「雪ぐに」の登場や、YouTuberのHIKAKINの地元のソウルフードから生まれた「みそきん」など、妙高の味噌ラーメンは首都圏でもじわじわと広がりを見せている。そのタイミングでの「食堂ミサ」関東進出は、まさに特大ニュースと言っていい。しかも、それを担うのが異端の成功者である鶴岡さんだ。
一方で、当人は浮かれてはいない。
「正直、めちゃくちゃきついです。プレッシャーもあるし、自分のラーメンじゃないものを作るのは本当に難しい」
レシピも体系化されておらず、再現は困難。それでも、これまでの29年間の経験を総動員し、「再構築」という形でミサの味を表現しようとしている。
そしてこの挑戦は、単なる業態転換ではない。鶴岡さんにとっては、ラーメンとの向き合い方を根本から問い直すプロジェクトでもある。
「もう、がんじがらめのラーメンから解放されたいんですよ」
「生活の中に自然にあるラーメン」の価値
SNS、レビュー、点数競争。現代のラーメン業界は、過剰な評価経済の中にある。その中で疲弊し、「ラーメンが嫌いになりかけていた」とまで語る。だからこそミサのような、「生活の中に自然にあるラーメン」に可能性を見出した。

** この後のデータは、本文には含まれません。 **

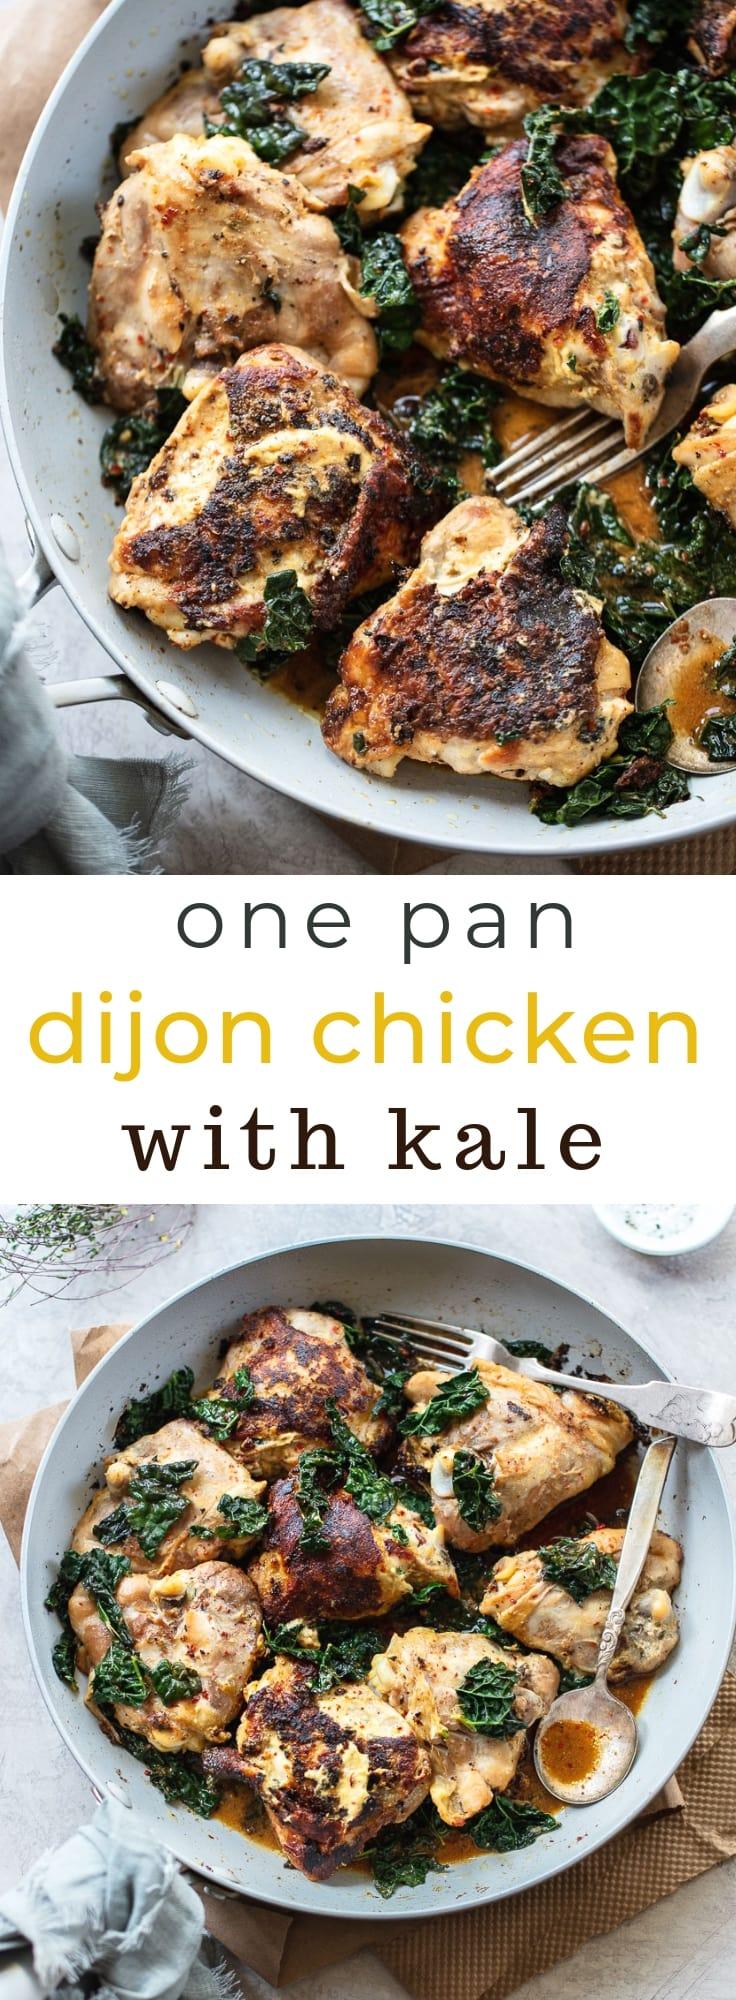 Skillet Dijon Chicken with Kale

「パッと食べて、パッと帰る。それでいいじゃないですか」
特別ではなく、日常であること。その価値に気づいたとき、鶴岡さんの中で何かが大きく変わった。
今回の挑戦が成功すれば、関東におけるミサの展開、さらには地方ラーメンの再評価にもつながる可能性がある。本人も将来的にはプロデュース業へ軸足を移し、「悩んでいる飲食店の受け皿になりたい」と語る。
激動の一年を経て辿り着いた、新たなスタート地点。それは、一人の職人が29年かけて辿り着いた「ラーメンの再定義」であり、同時に、これからの飲食業のあり方を問い直す実験でもある。
ラーメンとは何か。店とは何か。人生とは何か。その問いに対する一つの答えが、4月28日、八潮の地に現れる。